§ **Recorded data**:

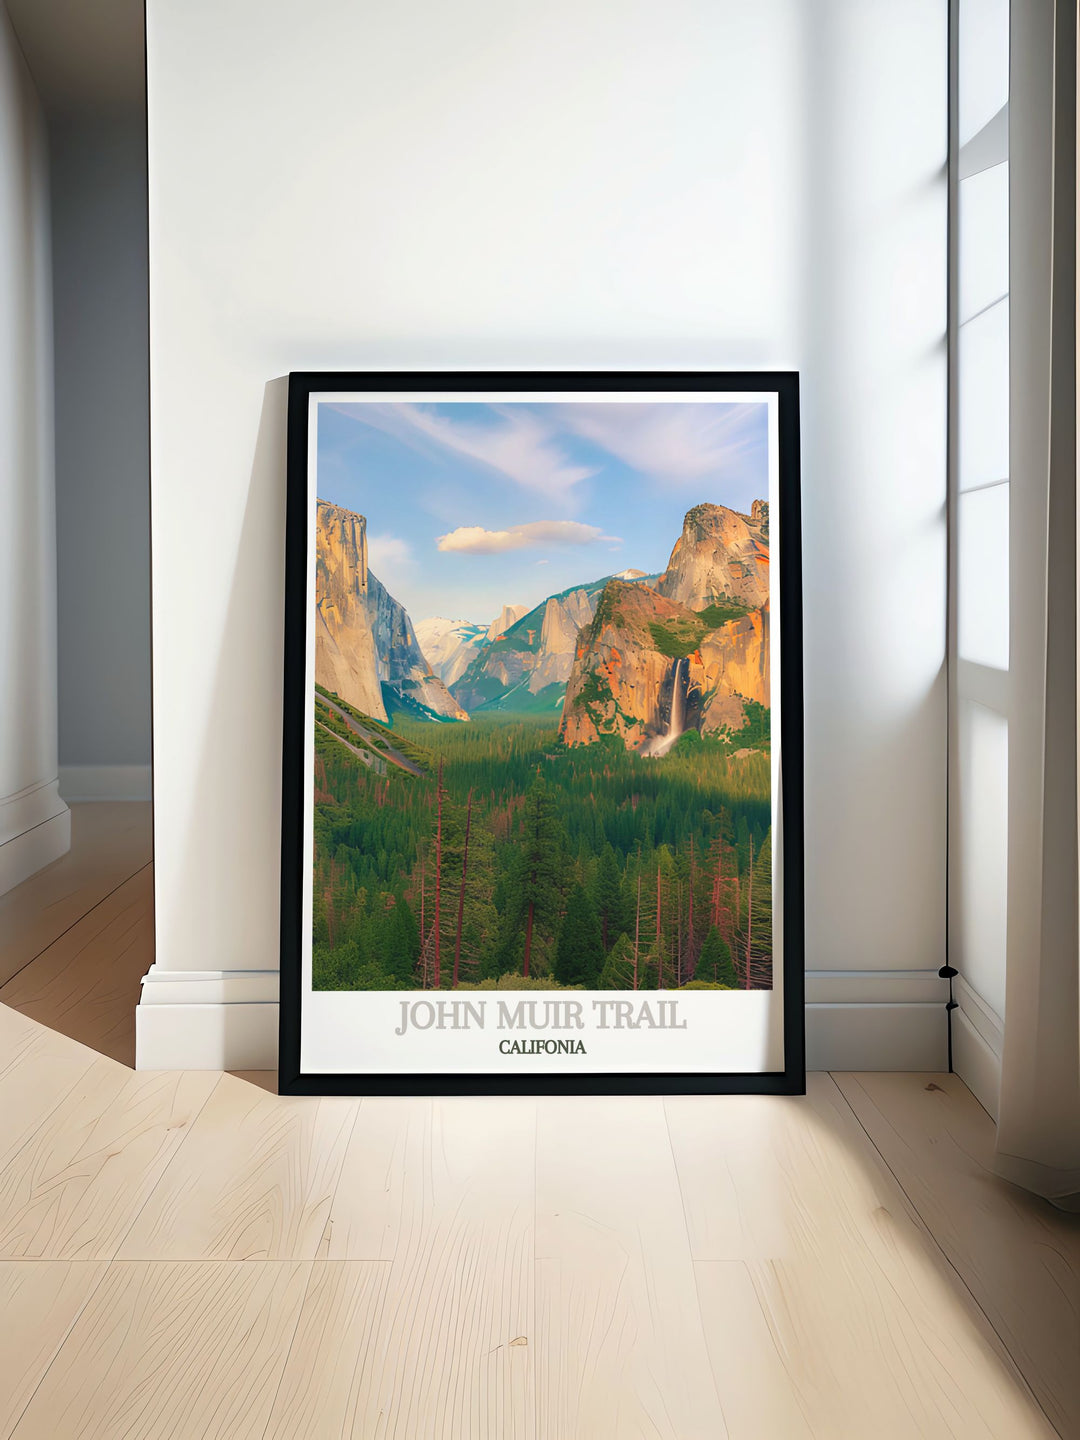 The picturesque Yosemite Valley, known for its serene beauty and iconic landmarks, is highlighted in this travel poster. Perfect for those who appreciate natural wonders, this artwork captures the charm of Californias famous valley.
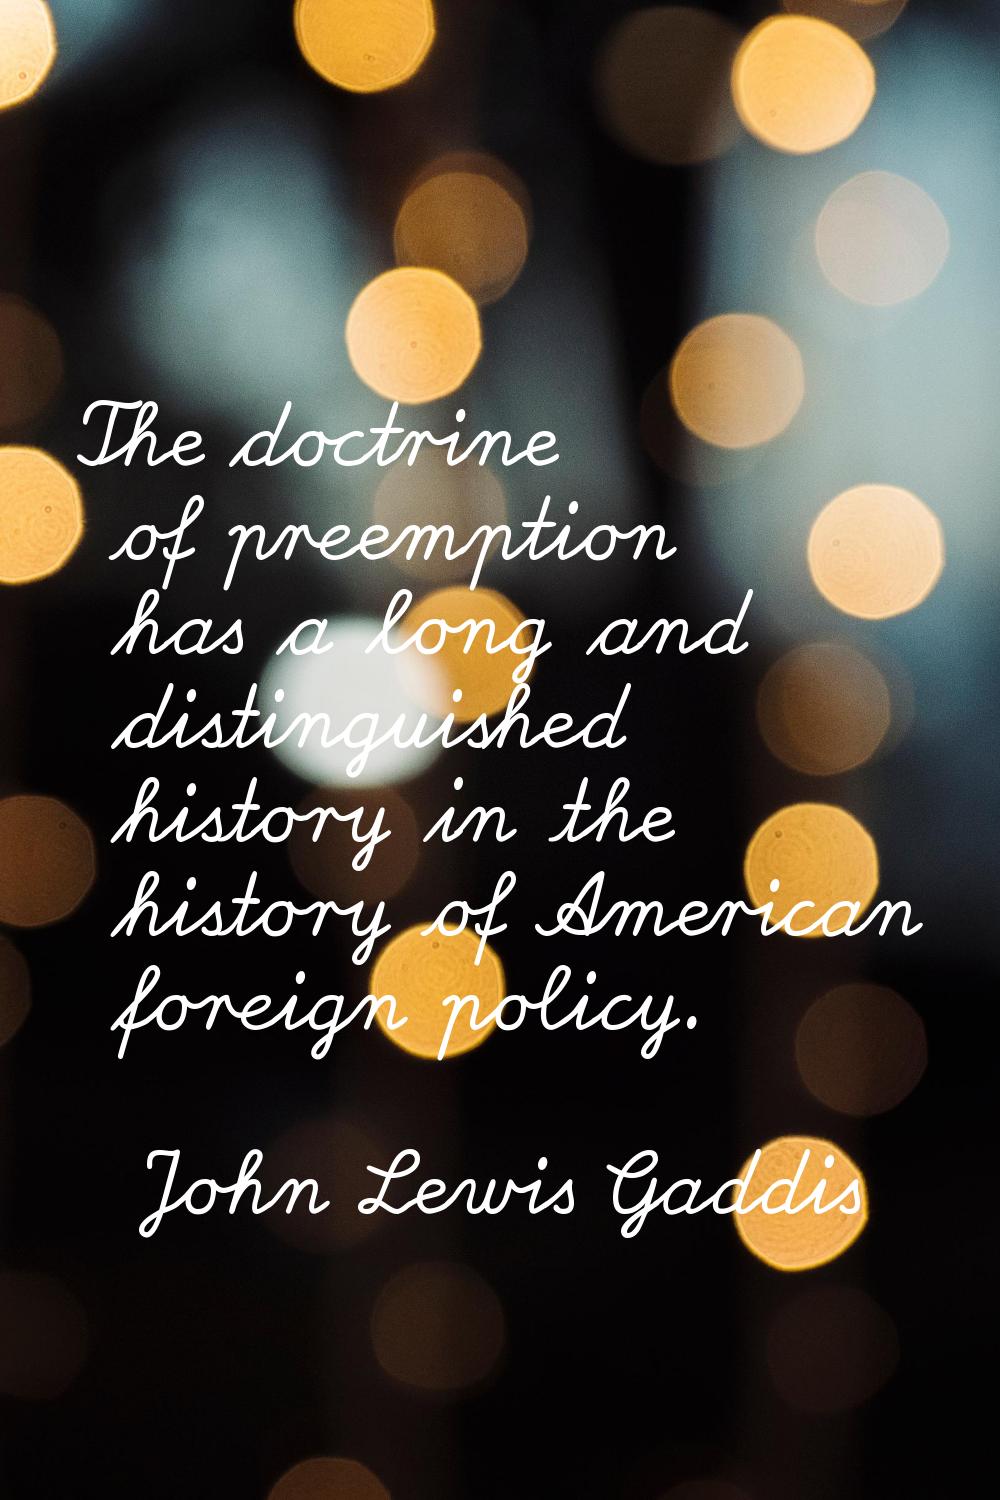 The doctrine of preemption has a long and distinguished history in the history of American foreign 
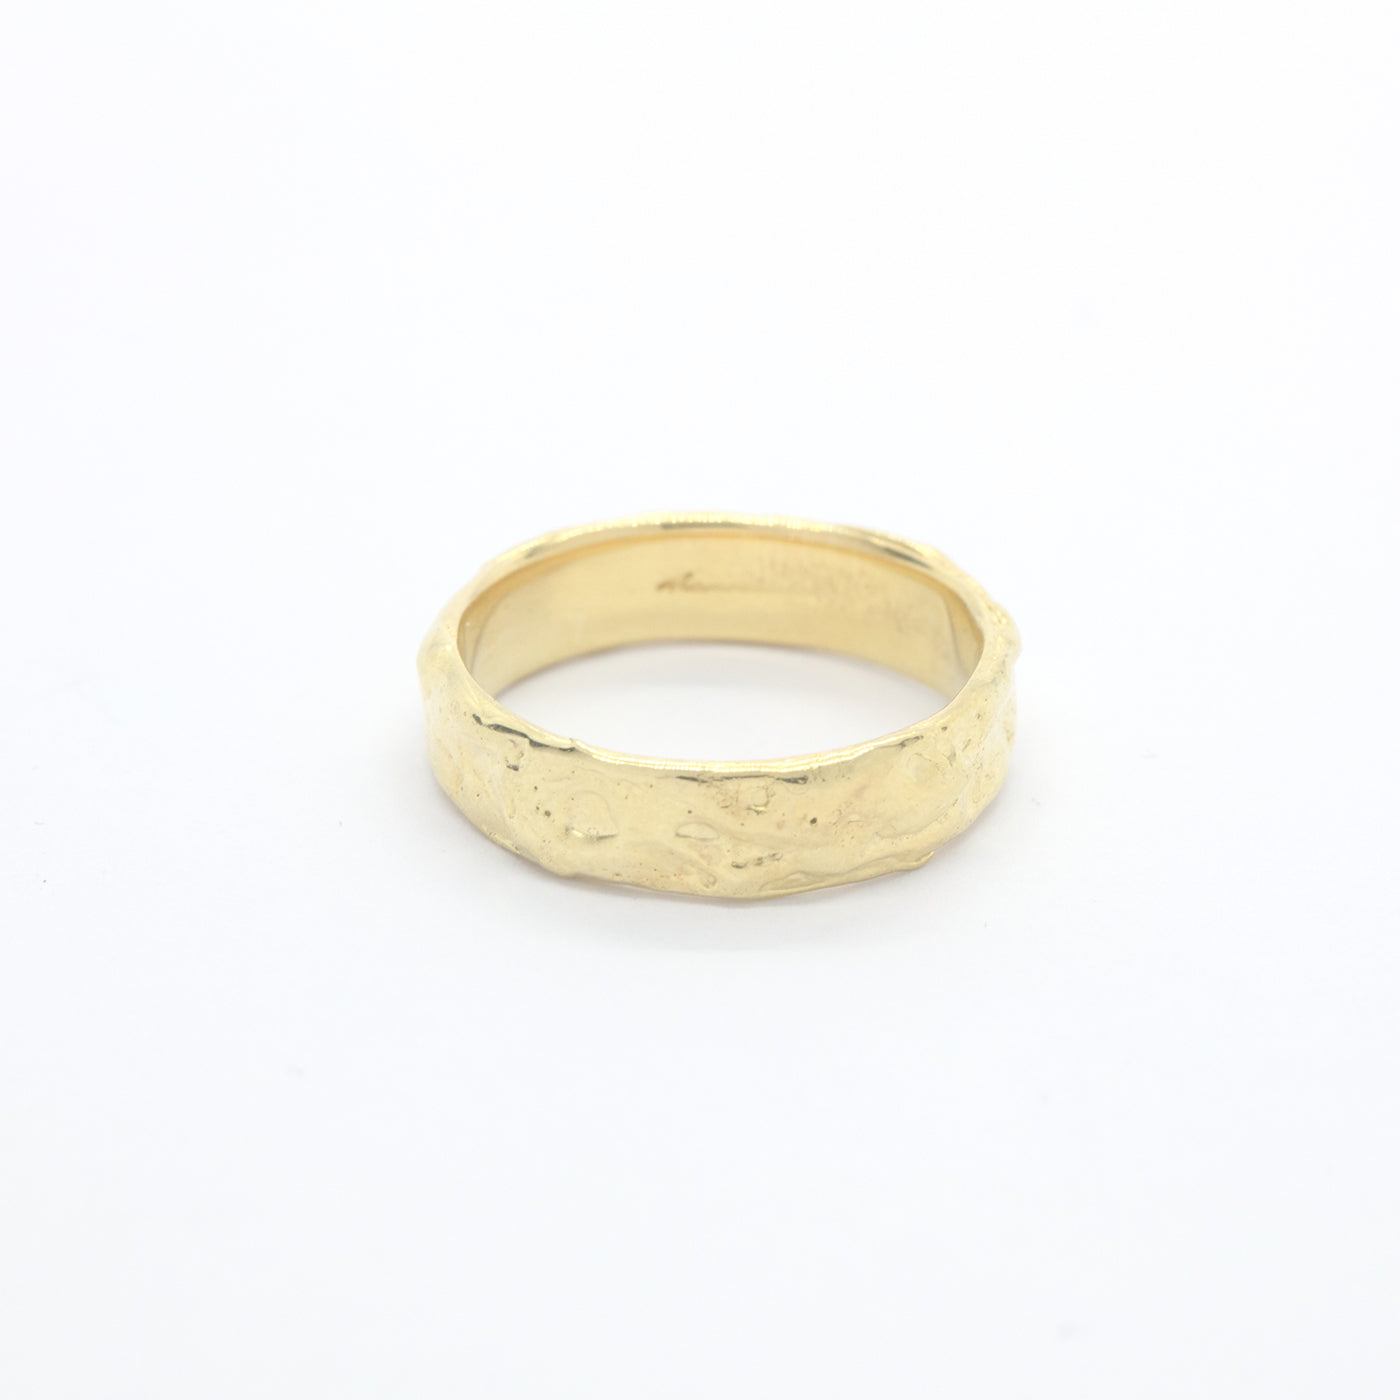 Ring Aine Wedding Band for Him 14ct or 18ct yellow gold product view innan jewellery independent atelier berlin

§ **Directions**: Each of the lines above should be transcribed exactly; no image is to be copied.

§ **Task output**:
 The picturesque Yosemite Valley, known for its serene beauty and iconic landmarks, is highlighted in this travel poster. Perfect for those who appreciate natural wonders, this artwork captures the charm of Californias famous valley.
 The doctrine of preemption has a long and distinguished history in the history of American foreign 
 Ring Aine Wedding Band for Him 14ct or 18ct yellow gold product view innan jewellery independent atelier berlin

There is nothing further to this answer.